# What you need to do
Strip out all images, then restate the data verbatim.

# Source data

((

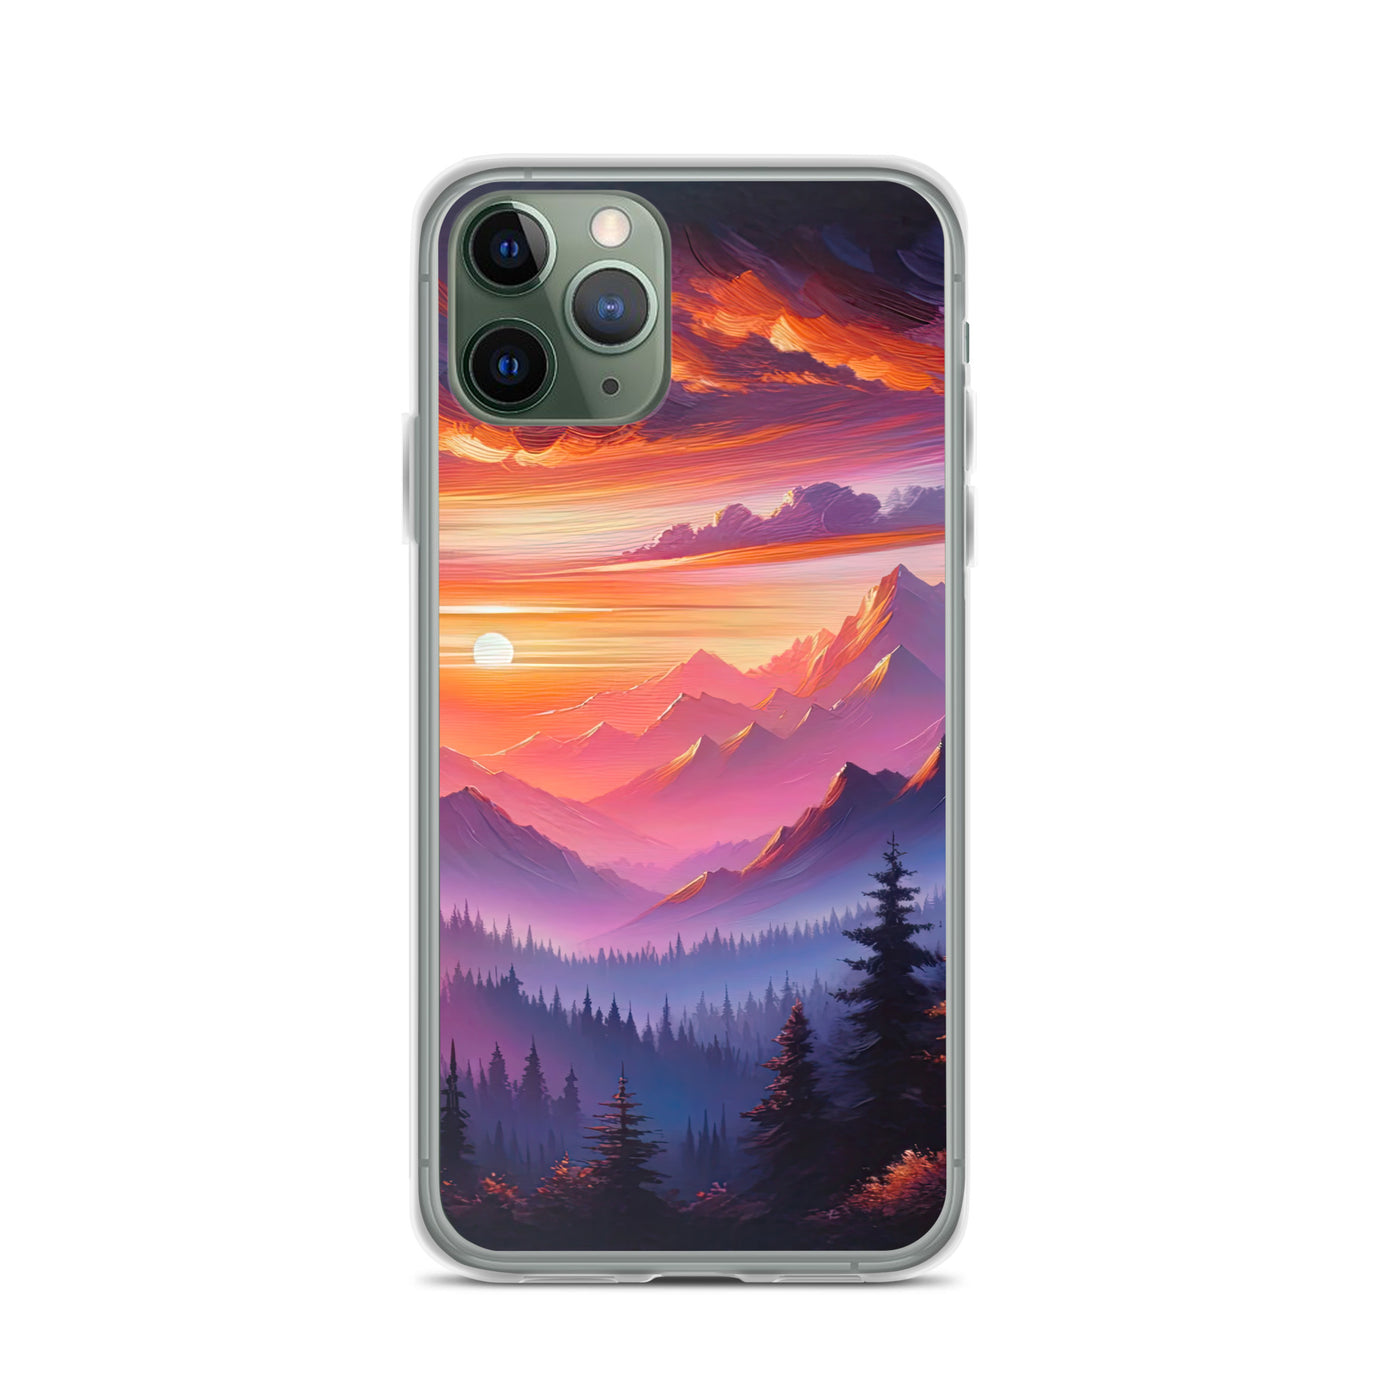 Ölgemälde der Alpenlandschaft im ätherischen Sonnenuntergang, himmlische Farbtöne - iPhone Schutzhülle (durchsichtig) berge xxx yyy zzz iPhone 11 Pro
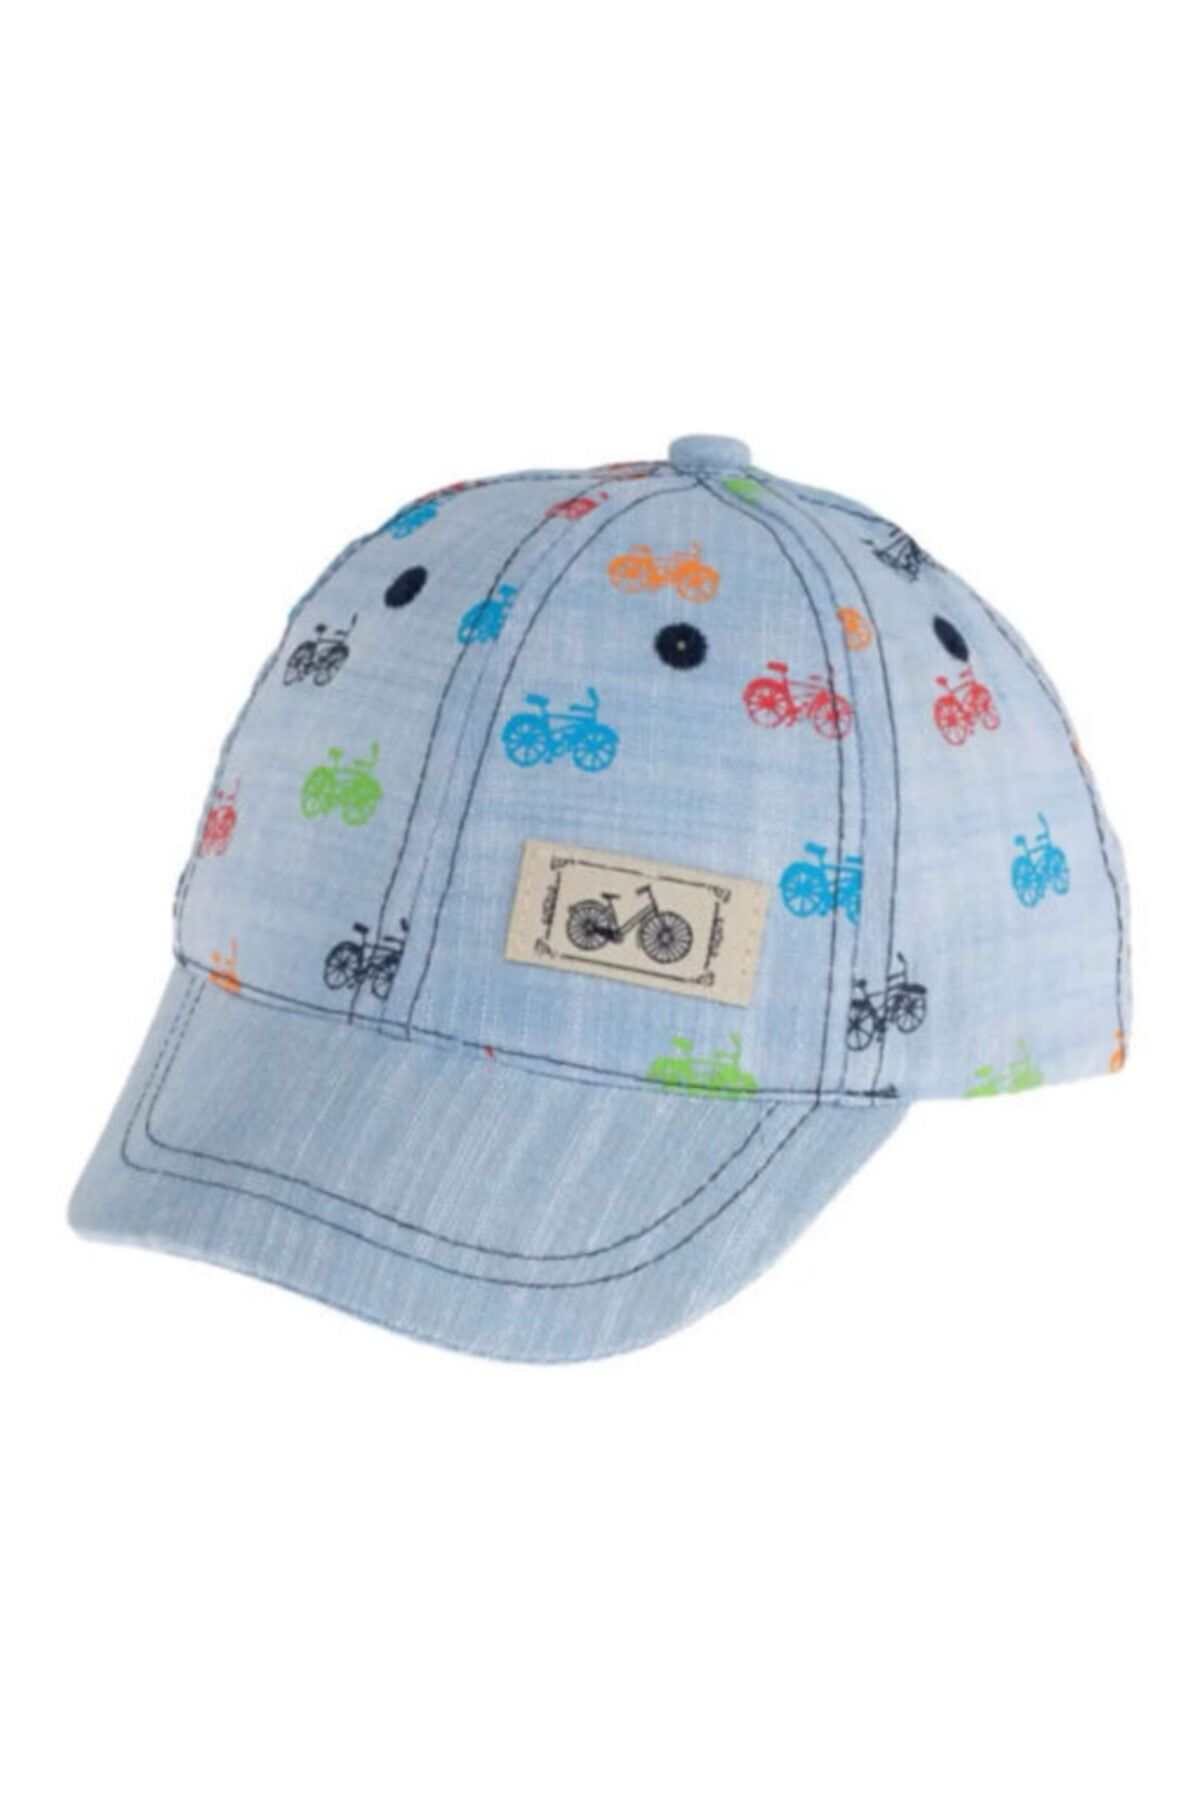 Kitti Erkek Çocuk Bisikletli Şapka 12-30 Ay Baş Çevresi 43-48 Cm
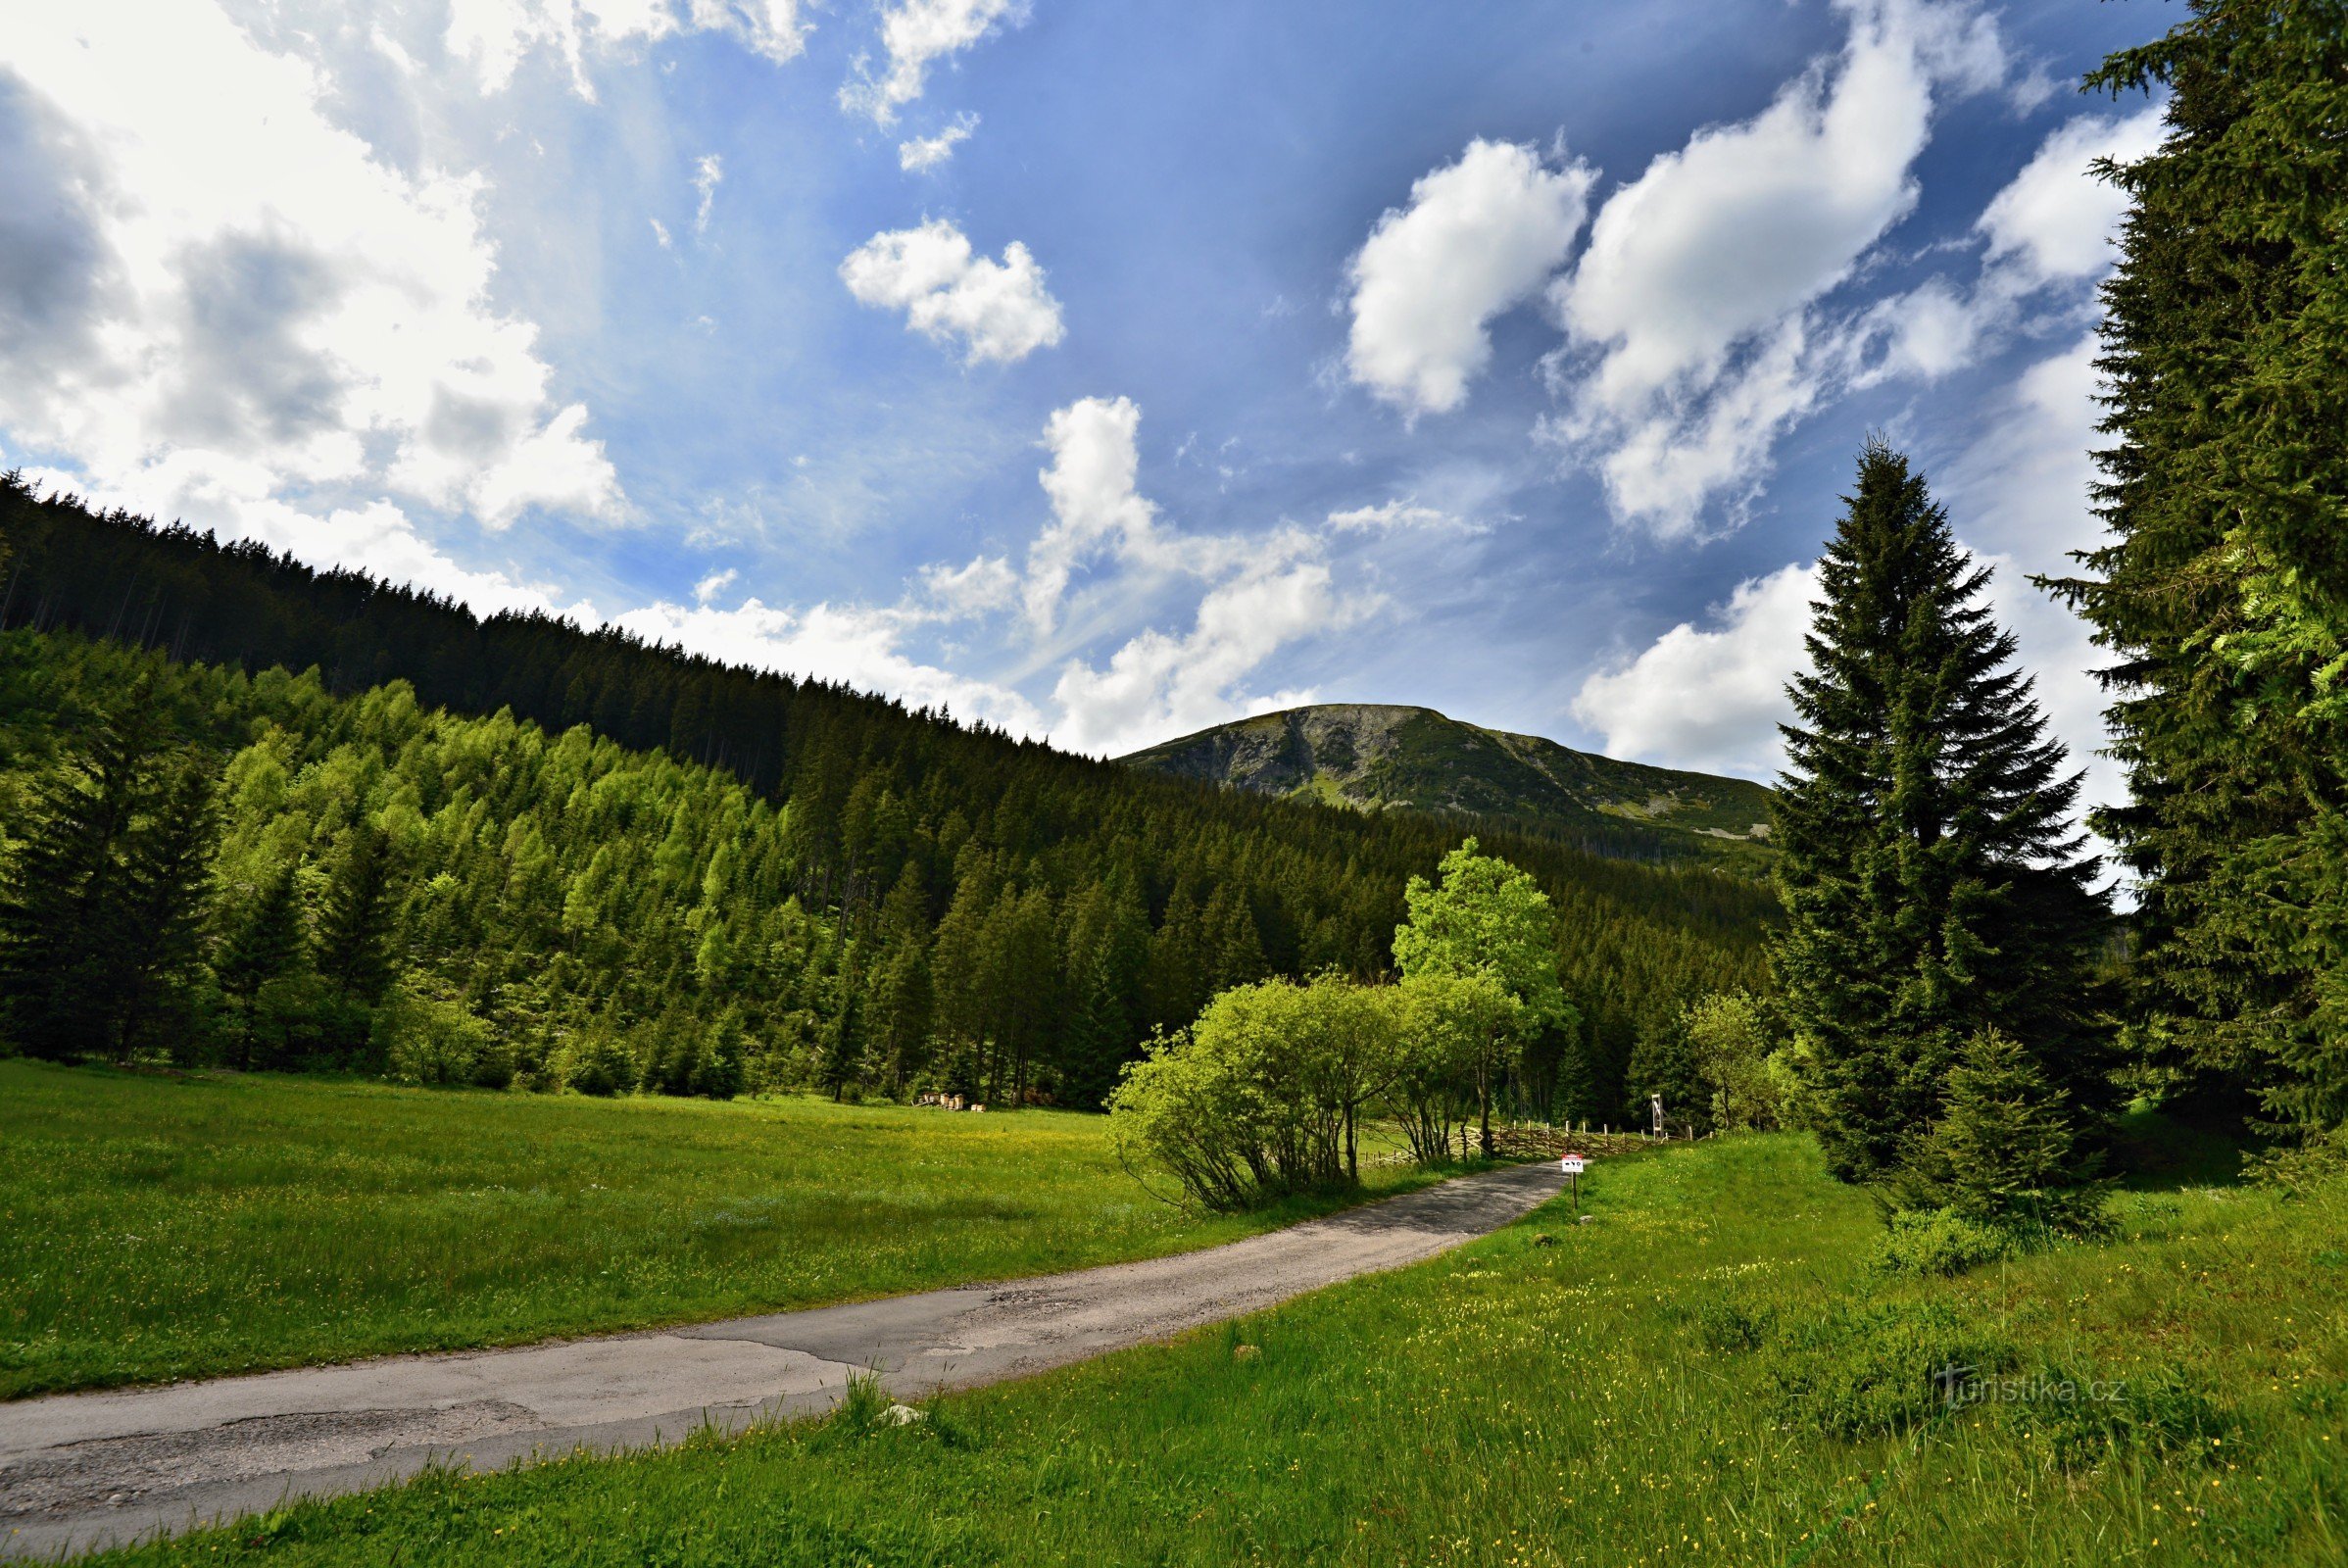 Dãy núi khổng lồ: Studniční hora từ Bouda ở Obří dole

))

# Written response
 Ölgemälde der Alpenlandschaft im ätherischen Sonnenuntergang, himmlische Farbtöne - iPhone Schutzhülle (durchsichtig) berge xxx yyy zzz iPhone 11 Pro
 Kitti Erkek Çocuk Bisikletli Şapka 12-30 Ay Baş Çevresi 43-48 Cm
 Dãy núi khổng lồ: Studniční hora từ Bouda ở Obří dole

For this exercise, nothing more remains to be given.